Laila podría haberle dicho que no necesitaba sus consejos, porque babi no tenía intención de darla en matrimonio en un futuro próximo. Aunque babi trabajaba en Silo, la gigantesca panificadora de Kabul, donde pasaba el día entre el calor y el zumbido de la maquinaria que alimentaba los enormes hornos, era un hombre educado en la universidad. Había sido profesor de instituto hasta que los comunistas lo habían destituido poco después del golpe de 1978, aproximadamente un año y medio antes de la invasión soviética. Babi había dejado muy claro a Laila desde muy niña que para él lo más importante, después de su seguridad, era su educación.
«Sé que aún eres pequeña, pero quiero que lo sepas y lo comprendas desde ahora -le dijo un día-. El matrimonio puede esperar; la educación no. Eres una niña muy, muy inteligente. De verdad, lo eres. Puedes llegar a ser lo que tú quieras, Laila. Lo sé. Y también sé que, cuando esta guerra termine, Afganistán te necesitará tanto como a sus hombres, tal vez más incluso. Porque una sociedad no tiene la menor posibilidad de éxito si sus mujeres no reciben educación, Laila. Ninguna posibilidad.»
Pero Laila no le contó a Hasina lo que le había dicho babi, ni lo feliz que era por tener un padre así, ni lo orgullosa que estaba del buen concepto que tenía de ella, ni su férrea determinación de seguir estudiando igual que su padre.

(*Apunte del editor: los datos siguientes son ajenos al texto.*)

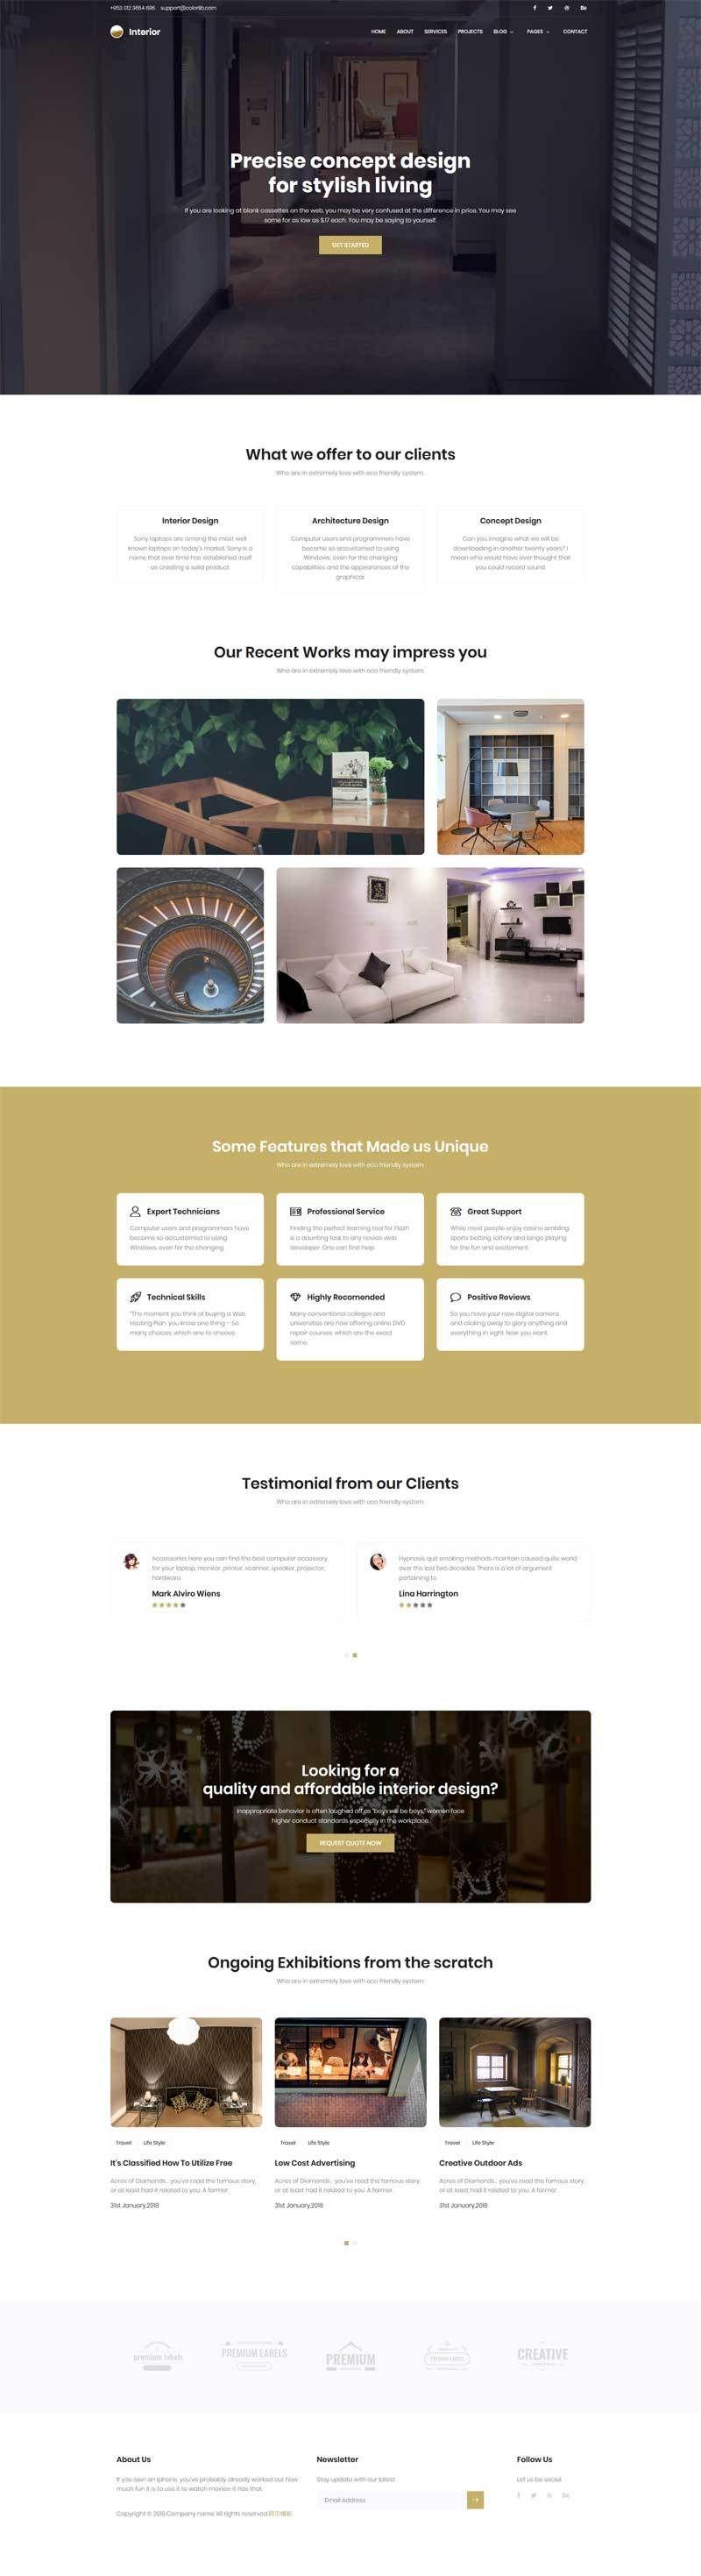 黑色宽屏的艺术创意公司网站模板.jpg

En los dos años anteriores, Laila había recibido el certificado awal numra que se otorgaba anualmente al mejor estudiante de cada curso. Pero todas estas cosas no se las dijo a Hasina, cuyo padre era un taxista con muy mal genio que sin duda entregaría a su hija en matrimonio al cabo de dos o tres años. En una de las pocas ocasiones en que Hasina se mostraba seria, le había contado a Laila que ya se había decidido su matrimonio con un primo carnal veinte años mayor que ella, dueño de una tienda de coches en Lahore. «Lo he visto dos veces. Y las dos veces comió con la boca abierta», le había confiado.
– Judías, chicas -insistió Hasina-. Recordadlo. A menos, claro está -esbozó entonces una sonrisa pícara y dio un codazo a Laila-, que sea tu joven y apuesto príncipe de una sola pierna el que llame a tu puerta. Entonces…
Laila apartó el codo de Hasina de un manotazo. Se habría ofendido mucho si otra persona le hubiera hablado así de Tariq, pero sabía que Hasina no lo hacía con mala fe. Sólo se burlaba, como siempre, y nadie se libraba de sus bromas, ni siquiera ella misma.
– ¡No deberías hablar así de las personas! -protestó Giti.
– ¿Y quiénes son esas personas?
– Las que han resultado heridas por culpa de la guerra -replicó Giti con severidad, sin darse cuenta de que Hasina bromeaba.
– Creo que la ulema Giti se ha enamorado de Tariq. ¡Lo sabía! ¡Ja! Pero él ya está comprometido, ¿no te habías enterado? ¿No es verdad, Laila?
– ¡No estoy enamorada de nadie!
Hasina y Giti se despidieron de Laila y, sin dejar de discutir, volvieron la esquina al llegar a su calle.
Laila recorrió sola las tres últimas manzanas. Cuando llegó a su calle, se fijó en que el Benz azul seguía aparcado frente a la casa de Rashid y Mariam. Ahora el hombre mayor del traje marrón estaba de pie junto al capó, apoyado en un bastón y mirando hacia la casa.
Fue entonces cuando Laila oyó una voz a su espalda.